シンポジウムでは、各指定区域の首長達が自ら成果のレビューを行い、現状での課題、問題点を踏まえながら国家戦略特区のこれからを考えます。

当日プログラムは下記参照のほど
国家戦略特区シンポジウム 内閣府地方創生推進室ページ

当日は虎の門ヒルズの400人規模の会場の席がほぼ埋まったほか、ニコニコ動画の生放送は2万人以上が視聴し、国家戦略特区への注目度の高さが改めて示されました。

特区とは、地方から国を突き動かそうという仕組みです。

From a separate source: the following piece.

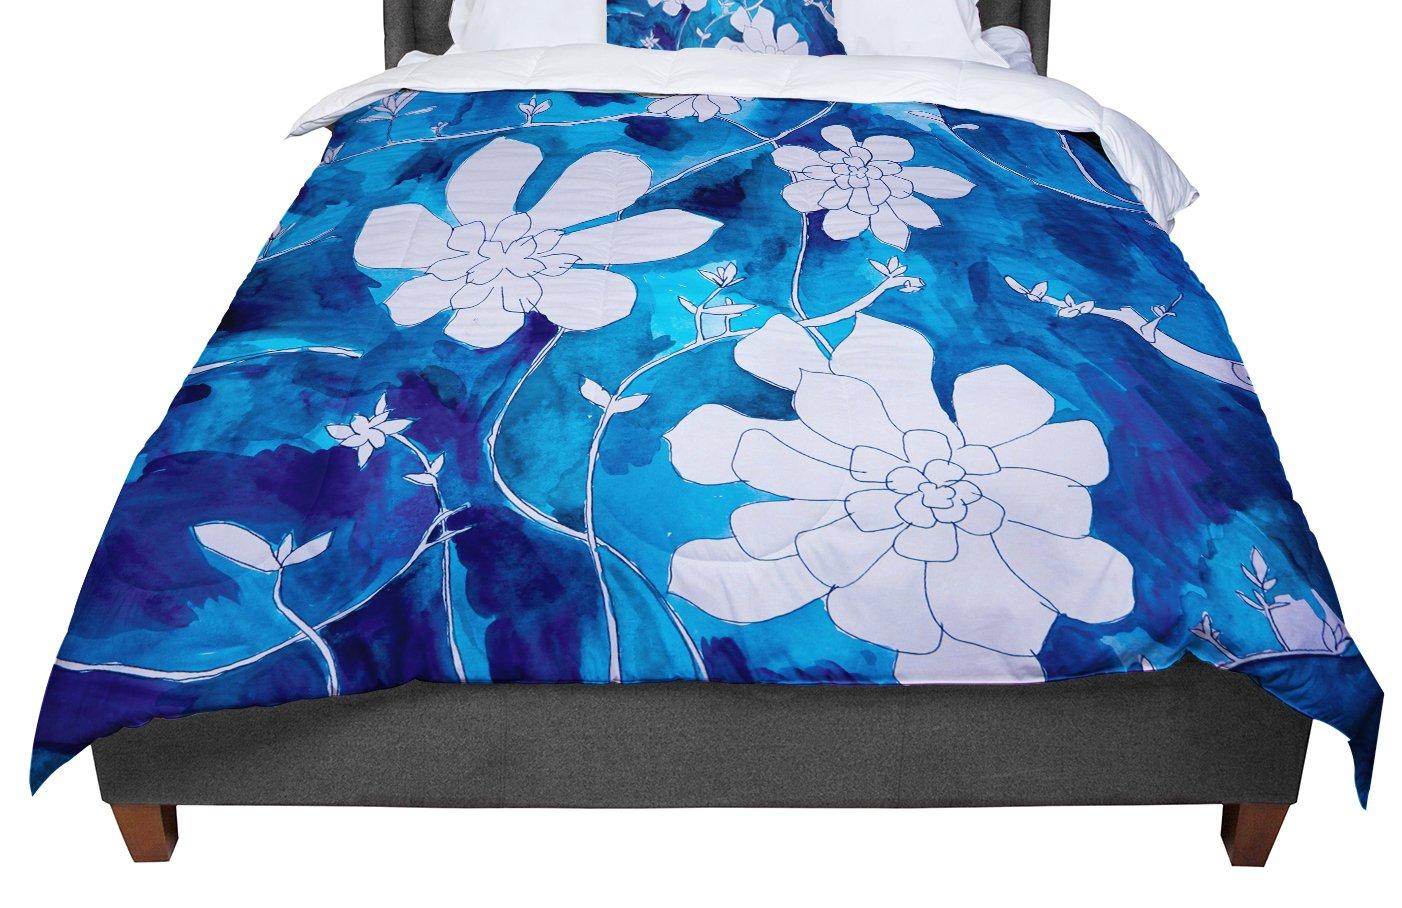 KESS InHouse Theresa Giolzetti ''Succulent Dance 1'' King / Cal King Comforter, 104'' X 88''
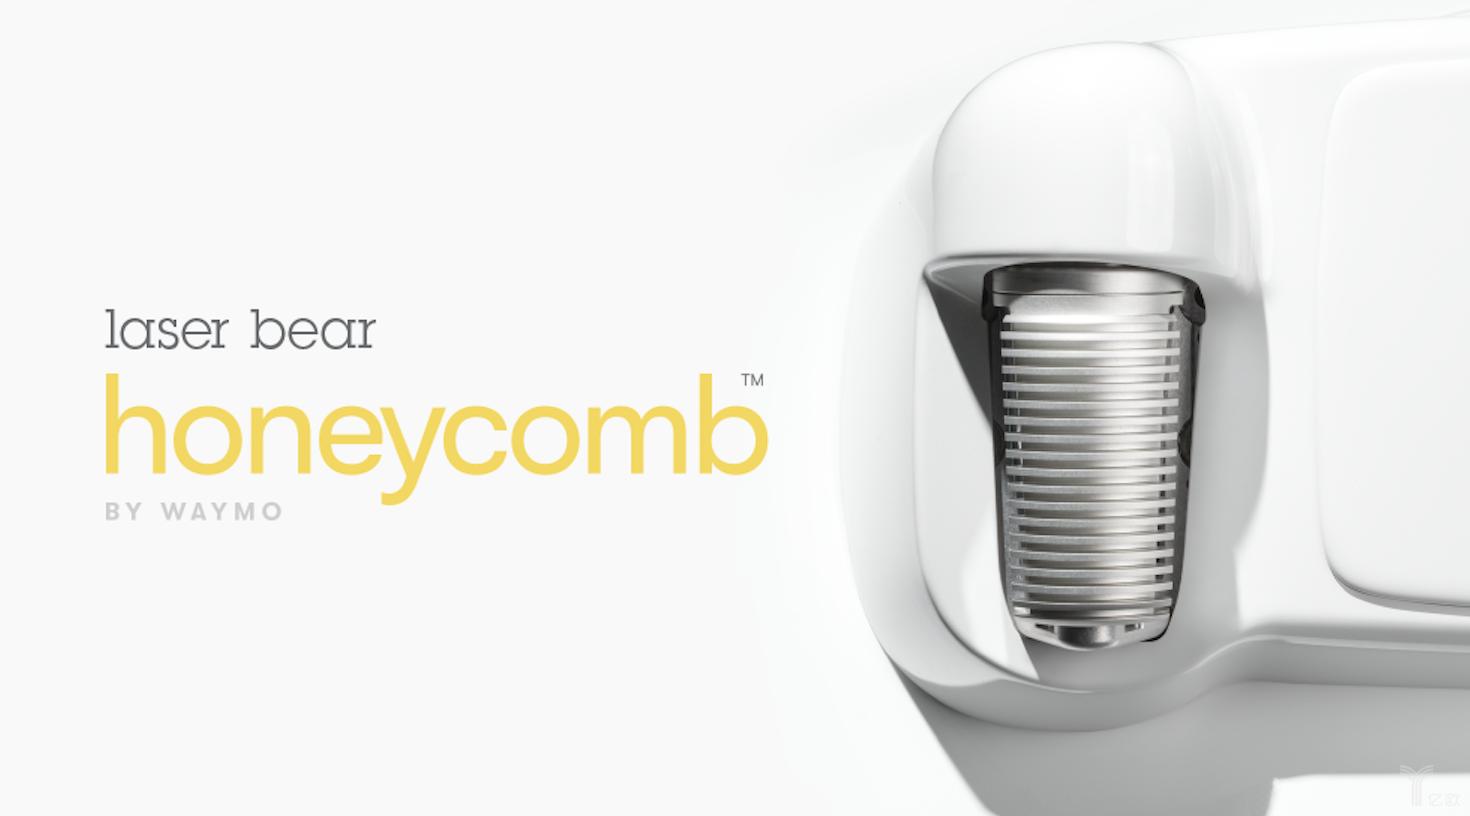 Waymo的激光雷达 Honeycomb

これまでも、特区の制度を使って、地方発でさまざまな新たなチャレンジがなされてきました。
昨年からスタートした国家戦略特区は、現時点では6か所ですが、さらに追加が予定されています。その意味で、国家戦略特区は、現時点で特区になっていない全国のほとんどの自治体にとって、決して他人事ではありません。

このシンポジウムでは、全国の自治体職員、地方議員、地方行政に関心のある方々にとって必見といってよい情報や視点が、少なからず提示されました。
今回から数回にわけて、シンポジウムのポイントをお伝えしていきます。
まず今回は、冒頭の石破茂大臣の開会あいさつと、締めくくりの小泉進次郎政務官と竹中平蔵氏(国家戦略特区諮問会議有識者議員)の発言からお伝えします。
最初の石破大臣のあいさつでは、そもそも国家戦略特区とは何なのかがわかりやすく示されます。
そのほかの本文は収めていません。